You can use the following function to automatically determine the word type

In [35]:
def get_wordnet_pos(treebank_tag):
    if treebank_tag.startswith('J'):
        return wordnet.ADJ
    elif treebank_tag.startswith('V'):
        return wordnet.VERB
    elif treebank_tag.startswith('N'):
        return wordnet.NOUN
    elif treebank_tag.startswith('R'):
        return wordnet.ADV
    else:
        return wordnet.NOUN  # default

pos_tags = nltk.pos_tag(raw_tokens)

Now we lemmatize all the words in our books.

In [45]:
lemmatized_tokens_pos = [
    lemmatizer.lemmatize(word.lower(), pos=get_wordnet_pos(tag))
    for word, tag in pos_tags
]

lemma_counter_pos = Counter(lemmatized_tokens_pos)

In [46]:
print("Unique tokens after lemmatization:", len(lemma_counter_pos))

print("dog:", lemma_counter_pos["dog"])
print("dogs:", lemma_counter_pos["dogs"])

print("run:", lemma_counter_pos["run"])
print("running:", lemma_counter_pos["running"])

print("be:", lemma_counter_pos["be"])
print("is:", lemma_counter_pos["is"])

Unique tokens after lemmatization: 66580
dog: 69
dogs: 0
run: 260
running: 6
be: 18194
is: 24


In a few cases the word running was apparently used as a noun rather than a verb in the context of the text.

### Stemming

We continue with stemming. Stemming is a text-normalization technique that reduces words to a common root by mechanically removing prefixes or suffixes.

1. "connection" → "connect" (removes -ion, grouping related words)
2. "happiness" → "happi" (removes -ness, but leaves a non-word stem)
3. "studies" → "studi" (the stemmer chops off -es, but the result is not a real word)

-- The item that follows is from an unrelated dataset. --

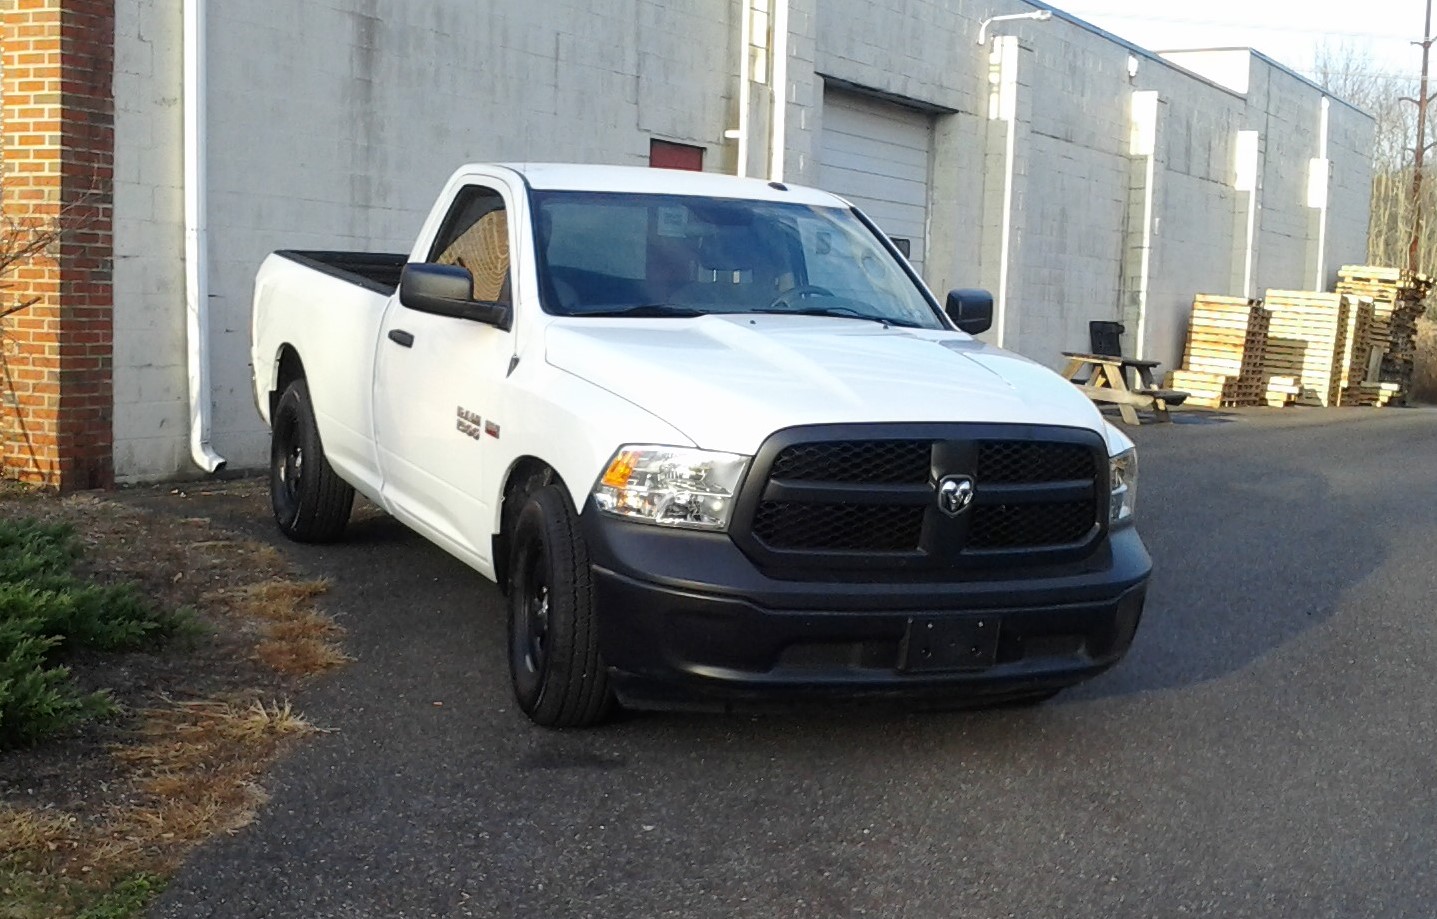 Attached picture 2014 White Ram.jpg

How does it compare to a lemmatizer:
1.	"running" → "run" (suffix -ing is stripped)
2.	"mice" → "mice" (unchanged, because most stemmers don’t handle irregular forms)
3.	"is" → "is" (unchanged, a stemmer doesn't know about verbs infinitive)

In [None]:
from nltk.stem import PorterStemmer

stemmer = PorterStemmer()

In [41]:
# Words to lemmatize
words = ["connection", "happiness", "studies", "running", "mice", "is"]

# Apply lemmatizer
lemmas = [stemmer.stem(w) for w in words]

# Print results
for word, lemma in zip(words, lemmas):
    print(f"{word} → {lemma}")

connection → connect
happiness → happi
studies → studi
running → run
mice → mice
is → is


We continue by stemming all words in our books

In [42]:
stemmed_tokens = [stemmer.stem(t.lower()) for t in raw_tokens]
stem_counter = Counter(stemmed_tokens)

In [44]:
print("Unique tokens after stemming:", len(stem_counter))
stem_counter['dog']
# Inspect common stems
stem_counter.most_common(5)

Unique tokens after stemming: 62330


[('the', 35087), ('of', 21489), ('and', 19744), ('to', 16121), ('a', 14892)]

We observe that we have less unique tokens after stemming than after lemmatization. That can make sense, as stemming strips endings more aggressively and merges many forms into the same rough root, whereas lemmatization only combines words when they truly share the same dictionary base form.